If the user ID and password combinations differ, login will fail on each system whose user ID and password do not match the user ID and password entered on the Identity Manager User Login form.

Some of these systems may have a lockout policy enforcing the number of failed login attempts before an account is locked. For these systems, user accounts are eventually locked, even though the user’s login through Identity Manager continues to succeed.

Example 12–2 contains pseudocode that describes the steps Identity Manager takes to map authenticated user IDs to Identity Manager users.

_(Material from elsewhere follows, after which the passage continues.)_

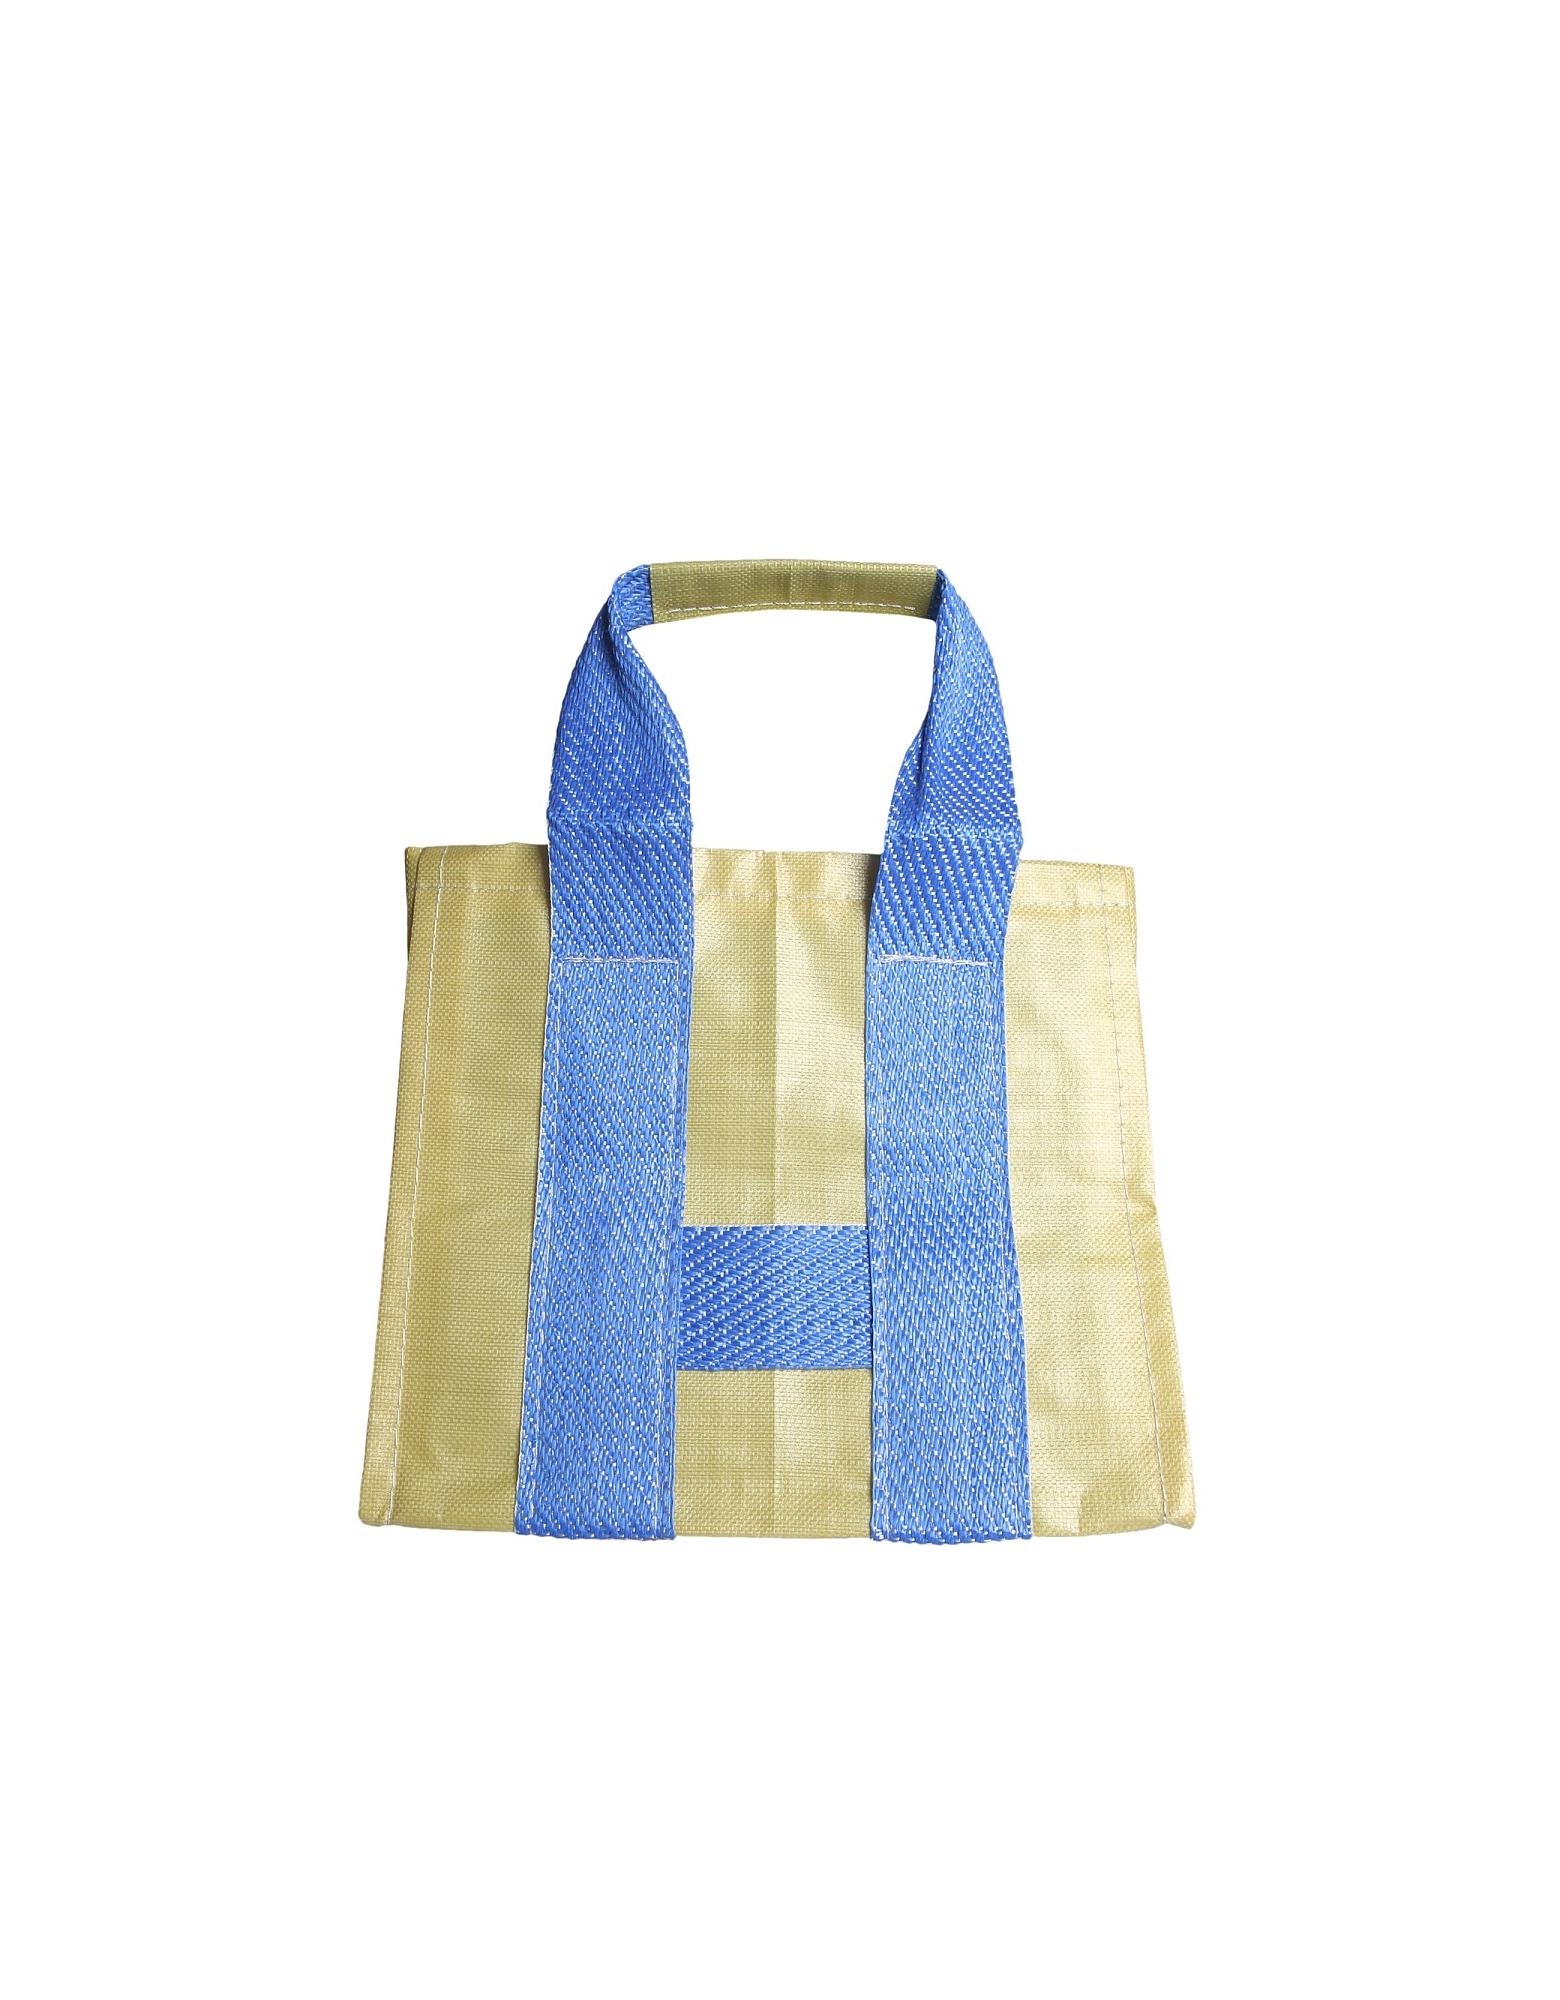 Comme des Garçons Designer Men's Bags, Techno Fabric Shopping Bag

Example 12–2 Login Module Processing Logic

if an existing IDM user’s ID is the same as the specified user ID 

   if that IDM user has a linked resource whose resource name matches the 
   resource that was authenticated and whose accountId matches the resource 
   accountId returned by successful authentication (e.g. dn), then we have 
   found the right IDM user 

   otherwise if there is a LoginCorrelationRule associated with the 
   configured login module 

      evaluate it to see if it maps the login credentials to a single IDM 
      user 

      otherwise login fails 

   otherwise login fails 

if the specified userID does not match an existing IDM user’s ID 

   try to find an IDM user that has a linked resource whose resource 
   name matches the resource accountID returned by successful authentication 

     if found, then we have found the right IDM user 

     otherwise if there is a LoginCorrelationRule associated with the 
     configured login module 

         evaluate it to see if it maps the login credentials to a single 
         IDM user 

         otherwise login fails 

     otherwise login fails

In Example 12–2, the system will try to find a matching Identity Manager user using the user’s linked resources (resource information). If the resource information approach fails, however, and a loginCorrelationRule is configured, the system will try to find a matching user using the loginCorrelationRule.